Your claim that "Even if Meritorious, Limited Impact to IOC" conflicts with Bankruptcy Court transcripts that reveal:
Mr. Mulacek testified that InterOil wouldn't even be able to pay a $50 million judgment, much less a 100 million or several hundred millions or a billion-dollar judgment...without substantial third party financing.
In addition, your claim conflicts with InterOil's disclosure that:
...actual damages could exceed $125,000,000.


If however, plaintiffs succeed in obtaining a judgment in the amount they seek, it could have a material adverse effect on the Company or its subsidiaries.
Here again, the Morgan Stanley "research report" fails to consider both InterOil and Mulacek's representations to investors and the Courts.
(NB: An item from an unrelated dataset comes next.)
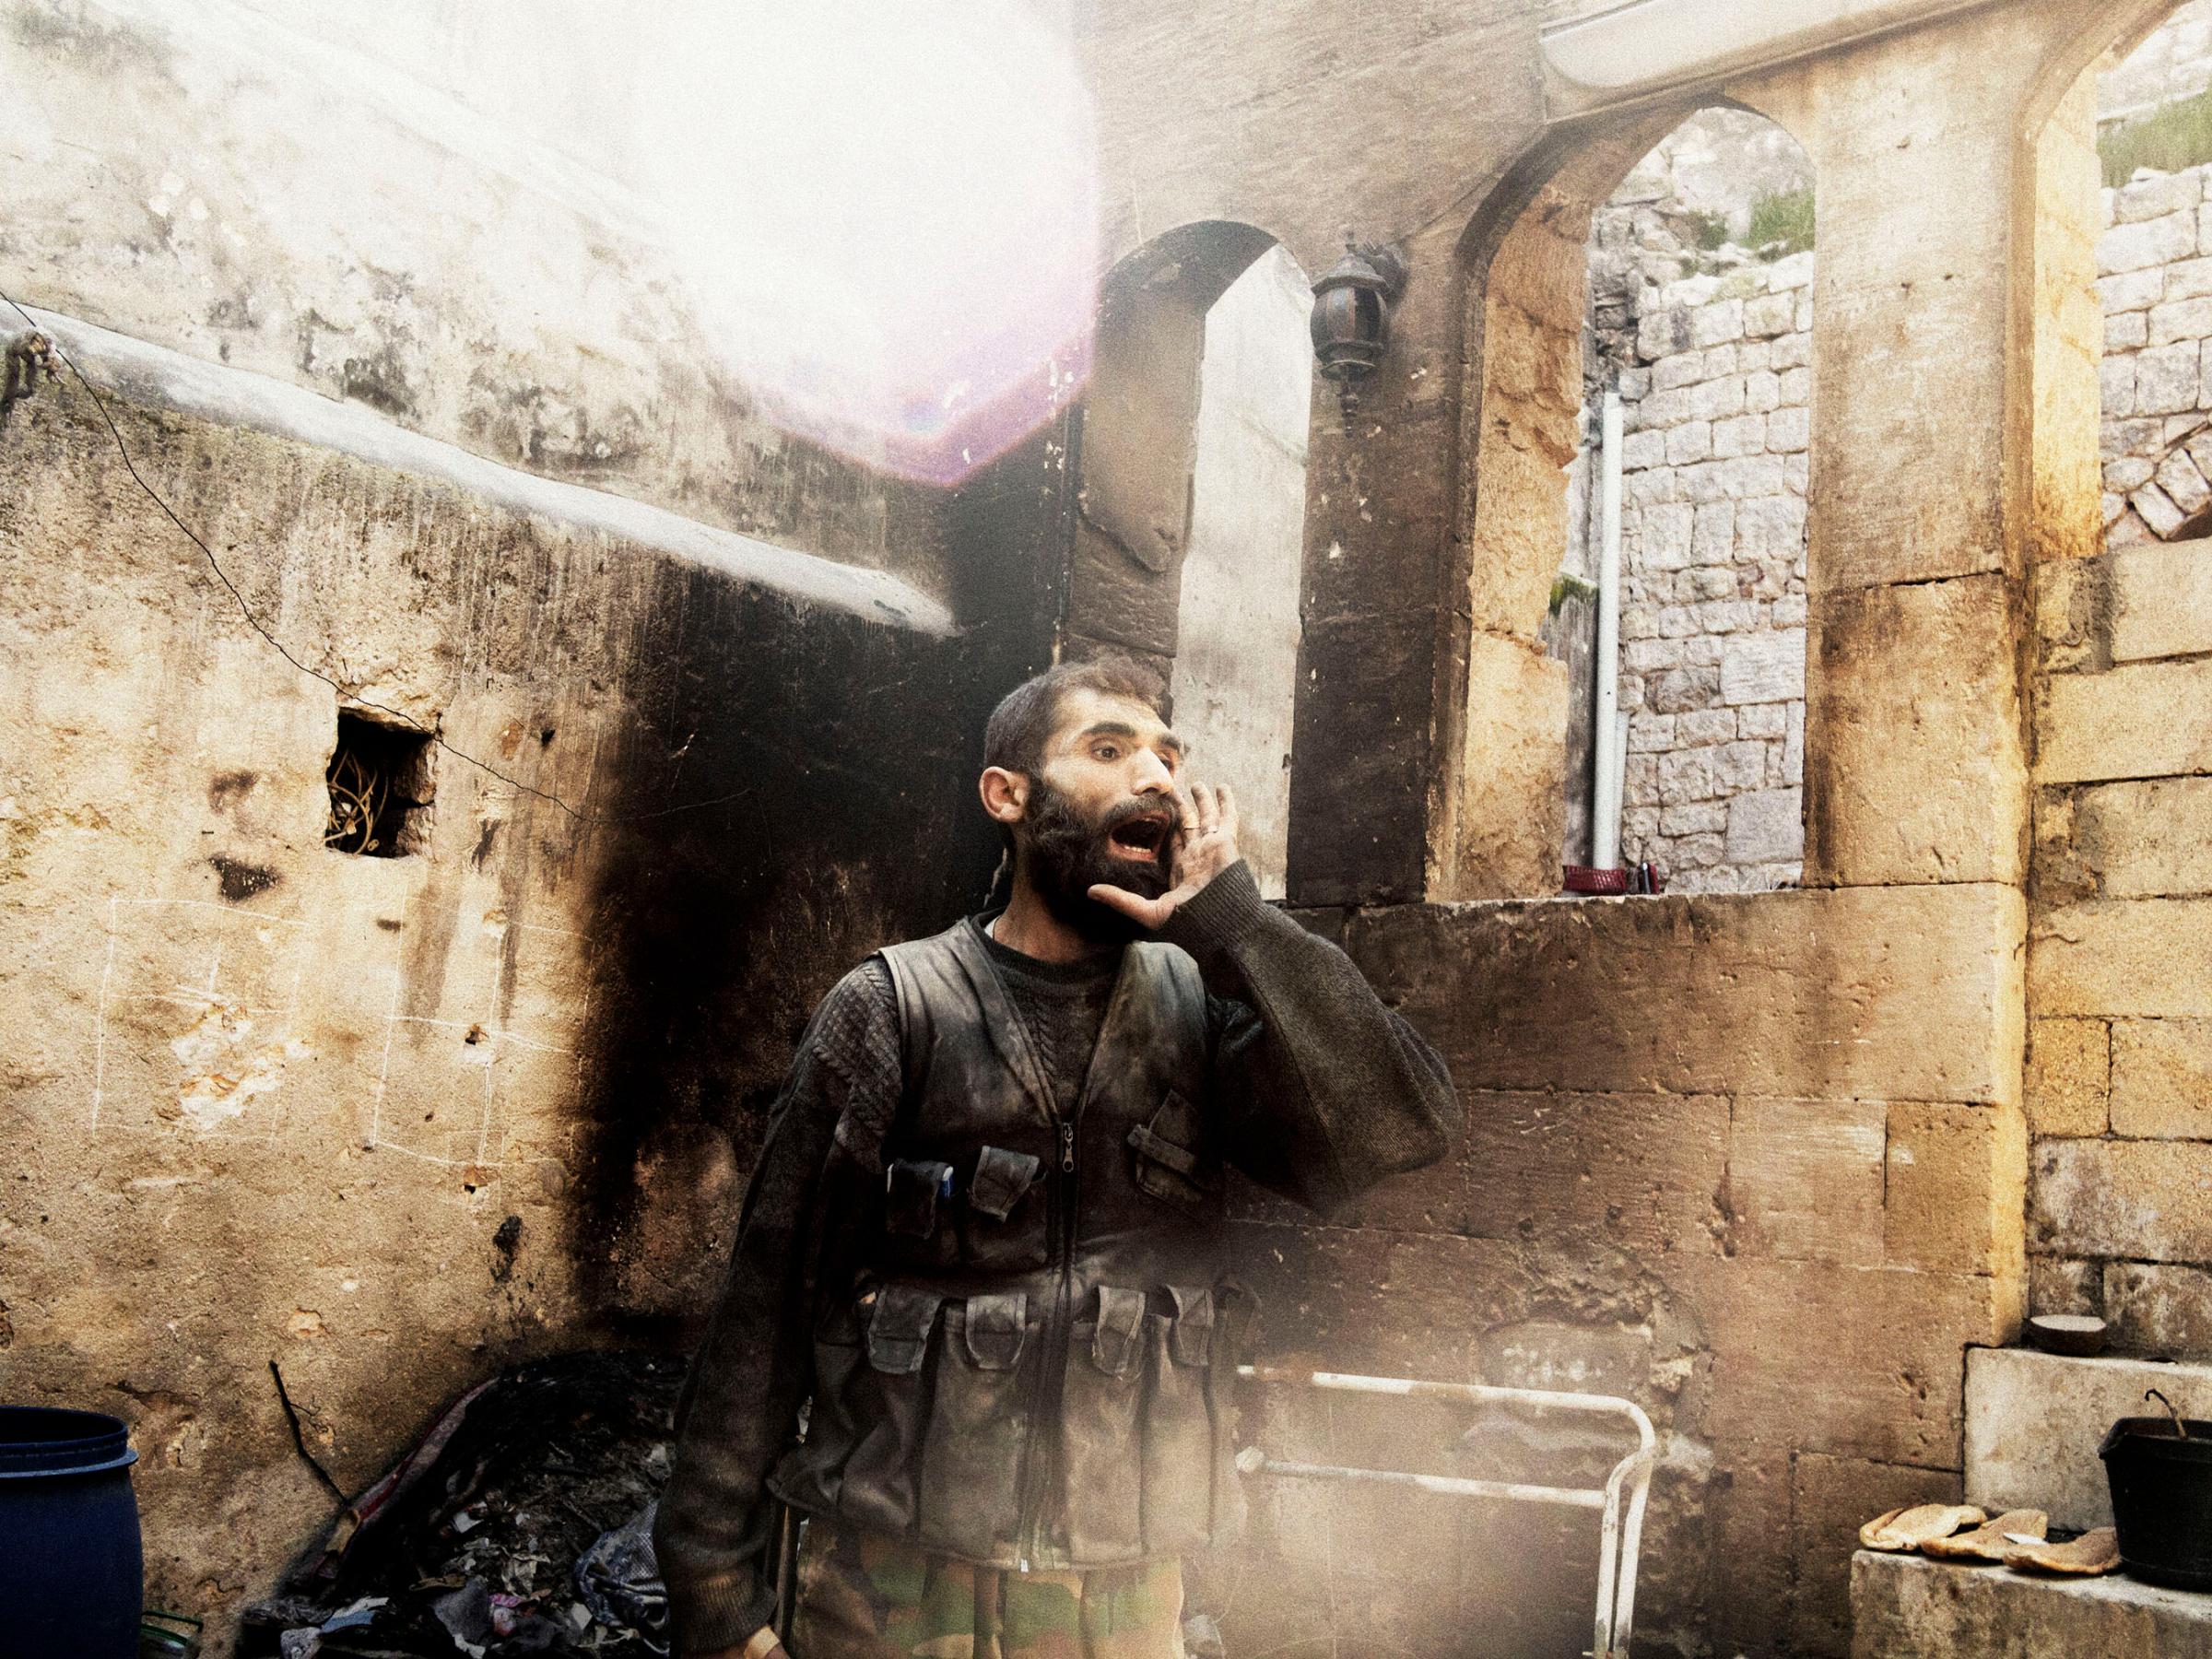 SYRIA. Aleppo. 2013.  A rebel yells “Allahu Akbar” (God is Great) during close-quarters fighting in Aleppo’s Old City.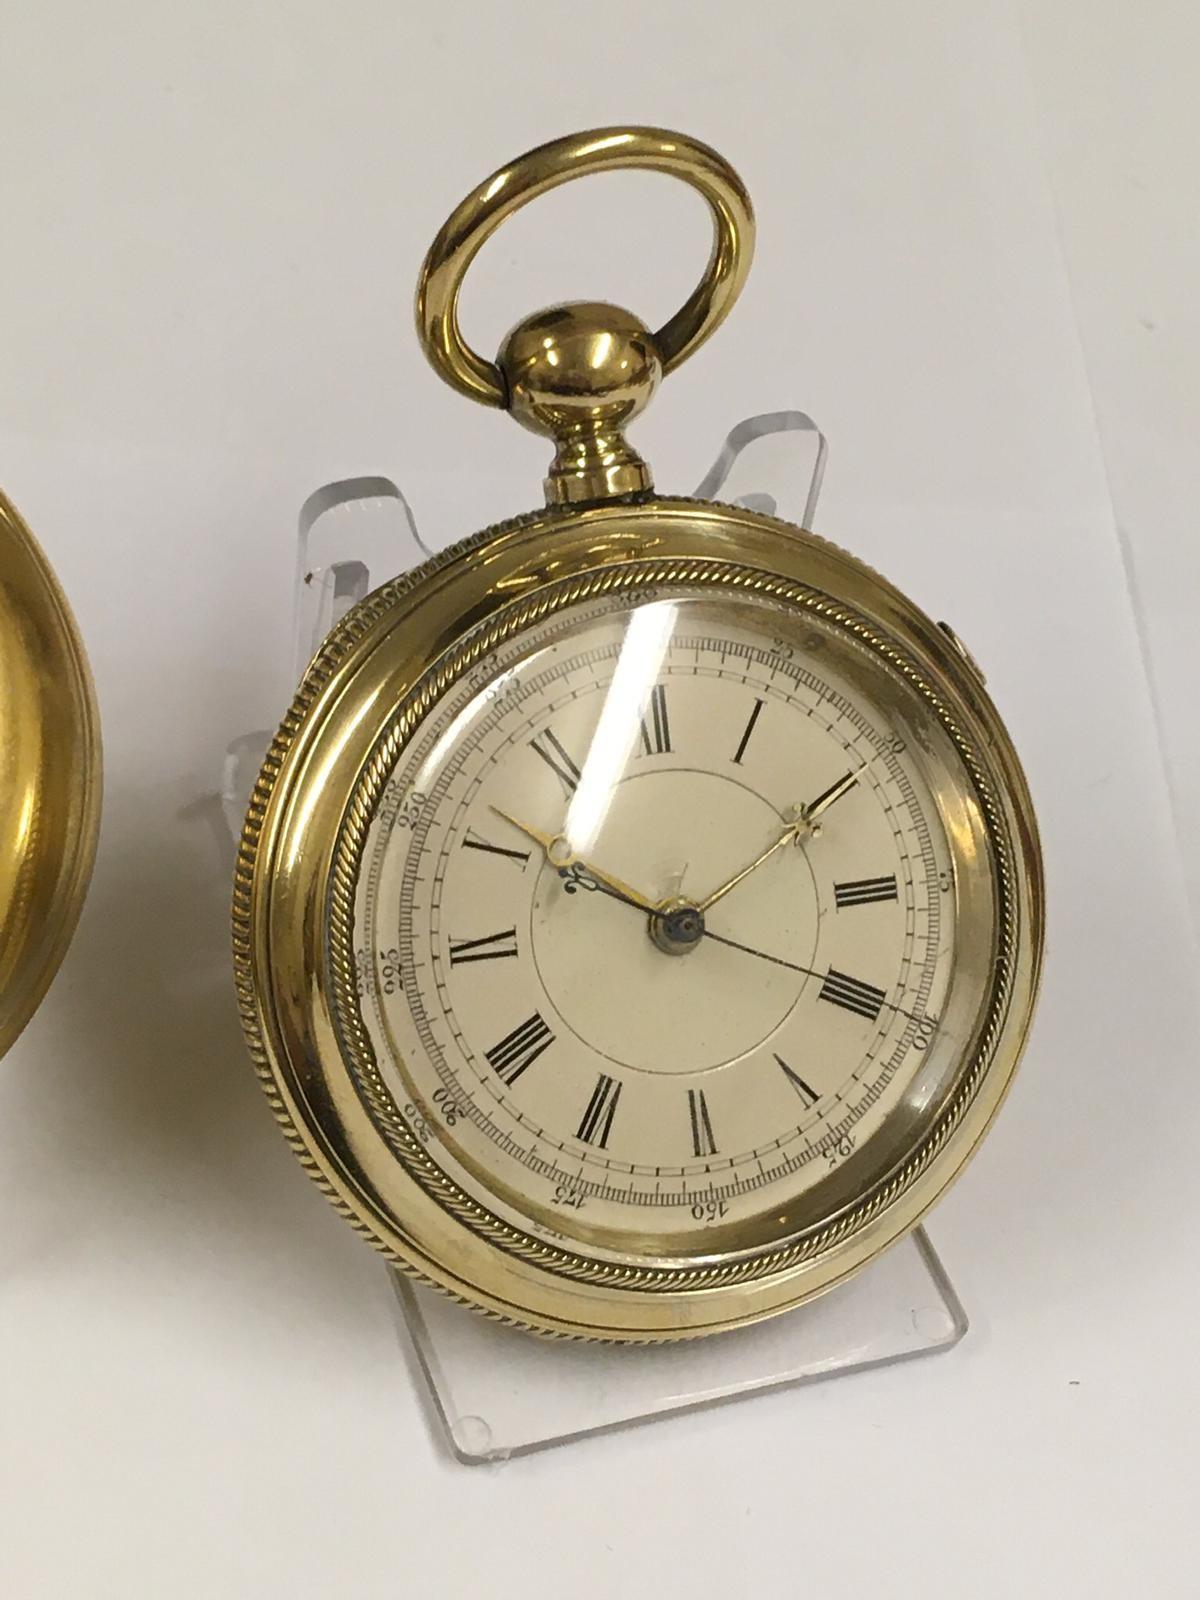 Antique Goliath pocket watch and very large antique Chronograph pocket watch (2) - Image 7 of 11

Your Morgan Stanley "research reports" highlights areas where you could be wrong. See below:
Where We Could Be Wrong
• Exploration failure. IOC is proving its resource base and any exploration failure will likely delay development and impact price.
• Failure to enter LNG JV. IOC is unlikely to be able to finance LNG development and its continued exploration program w/o partners.
• PNG risks. 100% of IOC’s operating assets are located in PNG.
• Failure to enter JV (LNG or liquid stripping) before potential 2H10 liquidity shortage forces additional capital raise.
In addition to your failure to address certain issues detailed above, you also failed to highlight that you could be wrong if the Todd Peters litigation does not settle and the Plaintiffs win a substantial monetary reward. As I detailed above, "Mulacek testified that InterOil wouldn't even be able to pay a $50 million judgment."

In your research report, you write:
Attacks are left to credibility. Media attacked have focused on management credibility.... We focus on what management has accomplished.....
So it's just fine with you that any public company and its CEO can lie to investors and the courts, if there is a the slightest hope that it can make money in the future? No wonder Wall Street remains a cesspool. I guess its all about making making money - our securities laws and justice system be damned.


Sam E. Antar

PS: Please take note of my disclosure below. As a convicted felon and former CPA who trains law enforcement to identify and catch white collar criminals, I feel uniquely qualified to comment about moronic "research" analysts like you who don't care about management integrity issues.


I am a convicted felon and a former CPA. As the criminal CFO of Crazy Eddie, I helped Eddie Antar and other members of his family mastermind one of the largest securities frauds uncovered during the 1980's. I committed my crimes, simply because I could.

If it weren't for the efforts of the FBI, SEC, Postal Inspector's Office, US Attorney's Office, and class action plaintiff's lawyers who investigated, prosecuted, and sued me, I would still be the criminal CFO of Crazy Eddie today.

I do not own any InterOil securities, long or short. However, I assisted Fraud Discovery Institute in researching InterOil. Fraud Discovery co-founder Barry Minkow has publicly that he has held short positions in InterOil securities.